Further, one can consider GR; recalling the elevator Gedanken-experiment which free-falls; and when within and without probing externally - ie there are no windows - one cannot tell whether one is within a free-falling elevator or not.

Again, recalling Newtons definition of absolute time, which flows without reference to anything externally, we see that the proper time within the elevator can be legitimately called absolute time - even if it is not.

The concept that connects all these situations, I would suggest, is that all inertial frames everywhere and at all times are the same - so proper time again can be legitimately connected with absolute time.

Finally is this usefully correct or unusably and unusefully uncorrect?

Answer 1

You ask a series of questions, sometimes expressed separately and other times embedded in your theses. I pick up some questions which I can isolate:

1. How does Newton's concept of absolute time change in SR? Answer: Absolute time is abolished, there is no absolute time in SR. The main reason is the contradictory concept of global simultaneoussness. In GR Einstein also votes against an entity which influences other entities, but does not experience itself any impact from other entities: Not only does spacetime prescribe via geodesics the trajectories of material objects.
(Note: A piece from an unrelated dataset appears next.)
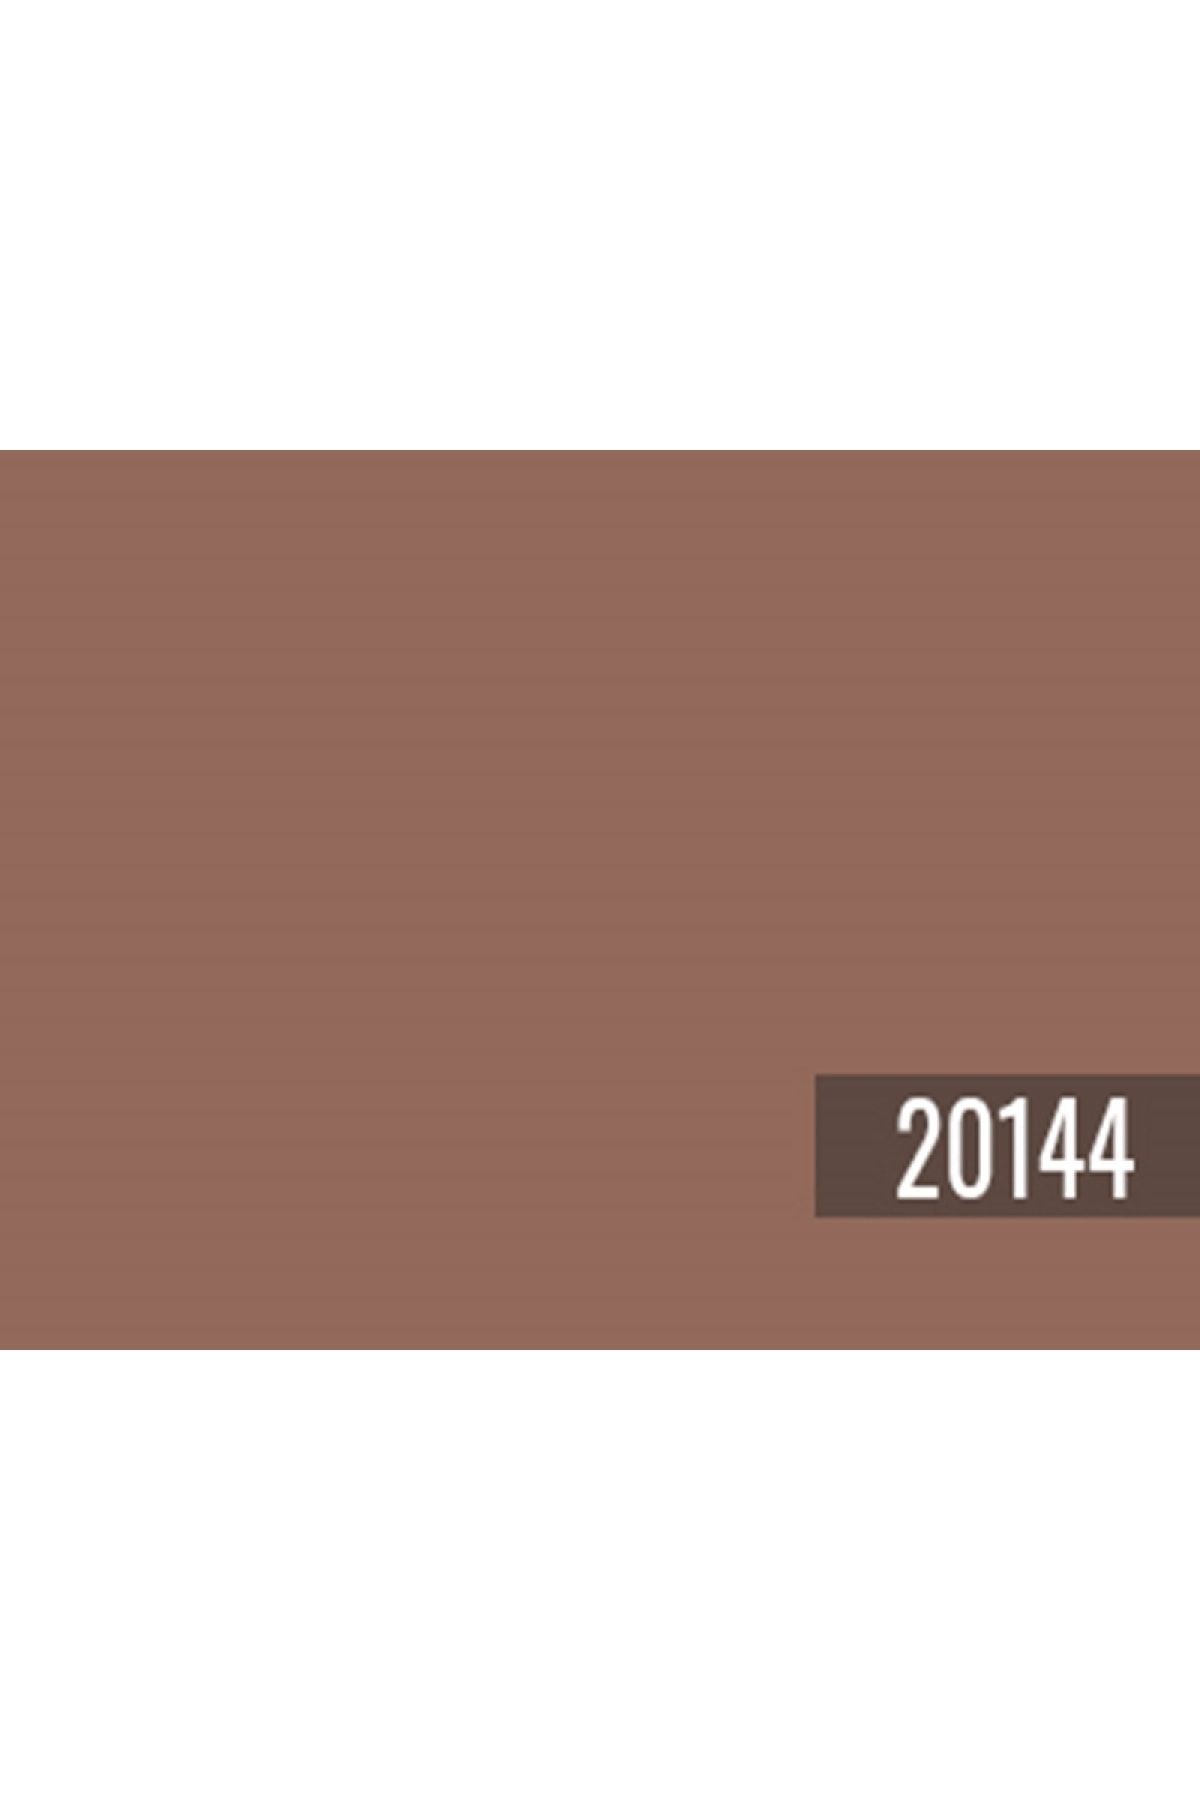 Güzel Evim Serisi Zengin Mat 2 lt Grounded Red 20144 Yorumları - Trendyol

Spacetime itself is curved by the mass distribution.

2. How does Newton's concept of relative time change in SR? Answer: One can substitute the proper time along a trajectory for Newton's concept of relative time.

3. Is it correct that all inertial frames everywhere and at all times are the same? Answer: They are not the same, but Lorentz transformation transforms between the coordinates of different inertial frames. At most one can say: All inertial frames are equivalent concerning the description of nature. But note that GR extends the concept of frame transformation and allows also non-inertial frames.